At first, I thought it was just me being fifteen or twenty years behind the technological curve. When I saw a man ten years my junior, ten years behind the curve. It’s everybody! Technology won’t wait. We could all be left behind in a world we don’t understand anymore. For $40, Walmart will come into your house and put away your groceries. Of course, they won’t be on hand to ask where they put something when you can’t find it.  “Ah, for the good old days of putting away your own groceries. I remember when!” Pepperidge Farm remembers.

I’m not paying anyone to organize my kitchen. Even if they do have that high-caliber, intensive, and well-known Walmart training. “Who let the cat out?”

It’s not that the good ole days were better; it’s just that the pace of change was slower and easier to manage. Personal confidence was higher. If their car broke, they fixed it. If their washing machine or dryer broke, they fixed it. Now, the washer follows me on Substack, and the dryer wants me to join its Facebook group.

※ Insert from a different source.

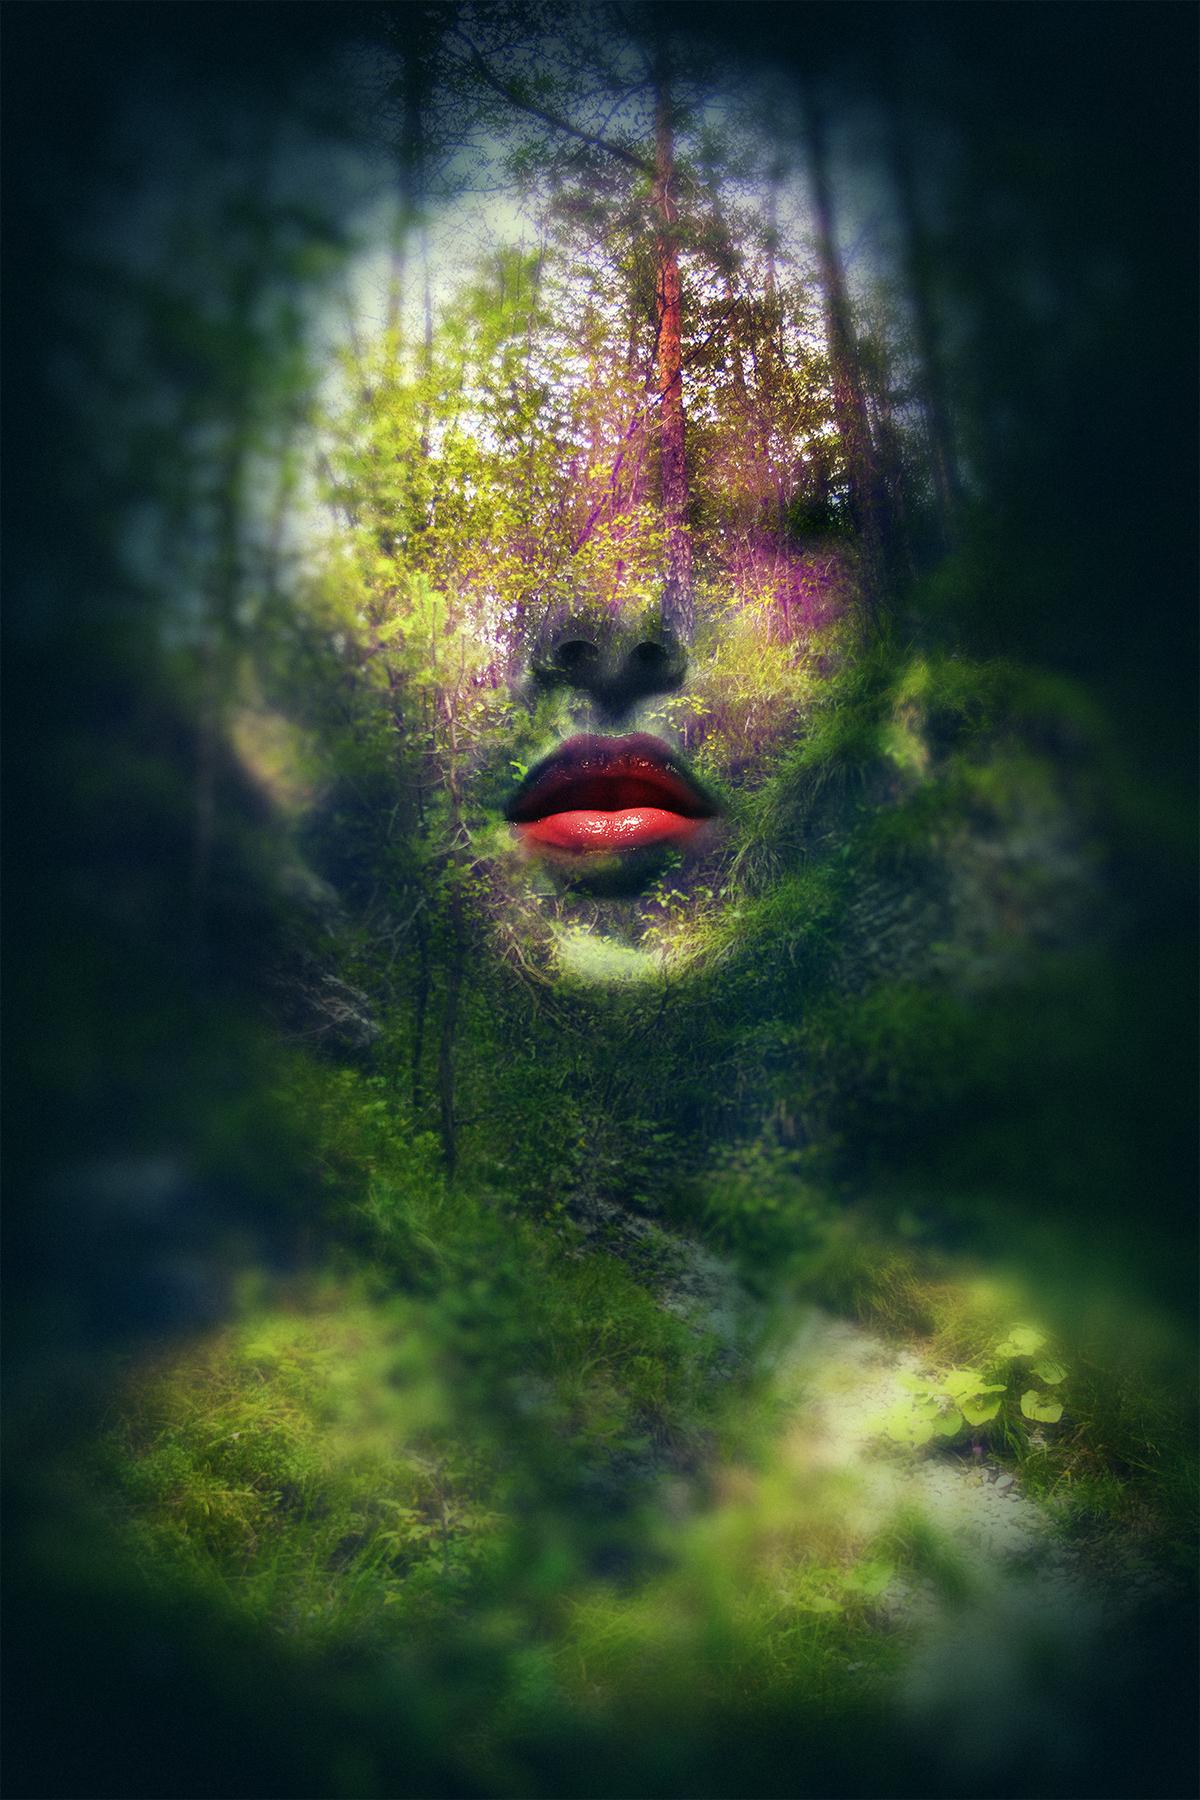 Unforgivable mistakes, digital art by Federico Bebber

The big issue on Wall Street these days, are AI data centers going to become the next big thing? Supercomputers, super- computing their little hearts out, ever faster and faster, at rates undreamed of just a decade before. But because of the size and complexity of the faster and faster date centers, they are ungodly expensive to build and operate. But surprise! That same high-tech data center’s technology will become obsolete in five to seven years, needing completely new technology, and on and on, amen. Until the cost of the technology itself outstrips the ability to afford to use it.

A creeping fog of technology pushing control further away from the hands of those who use it. Most of us control reset or control Alt, Delete. Living in a machine universe as a biological proxy. I’m marked like the cows in the fields and recorded. The cameras follow me to work and follow me home. It’s for your own good, you know! You can’t fix your car, and you can’t fix the vacuum cleaner anymore, and you can’t fix your government either. How can you fix something you can’t understand that’s not made to be repaired?

“Loyalty to country ALWAYS. Loyalty to government, when it deserves it.”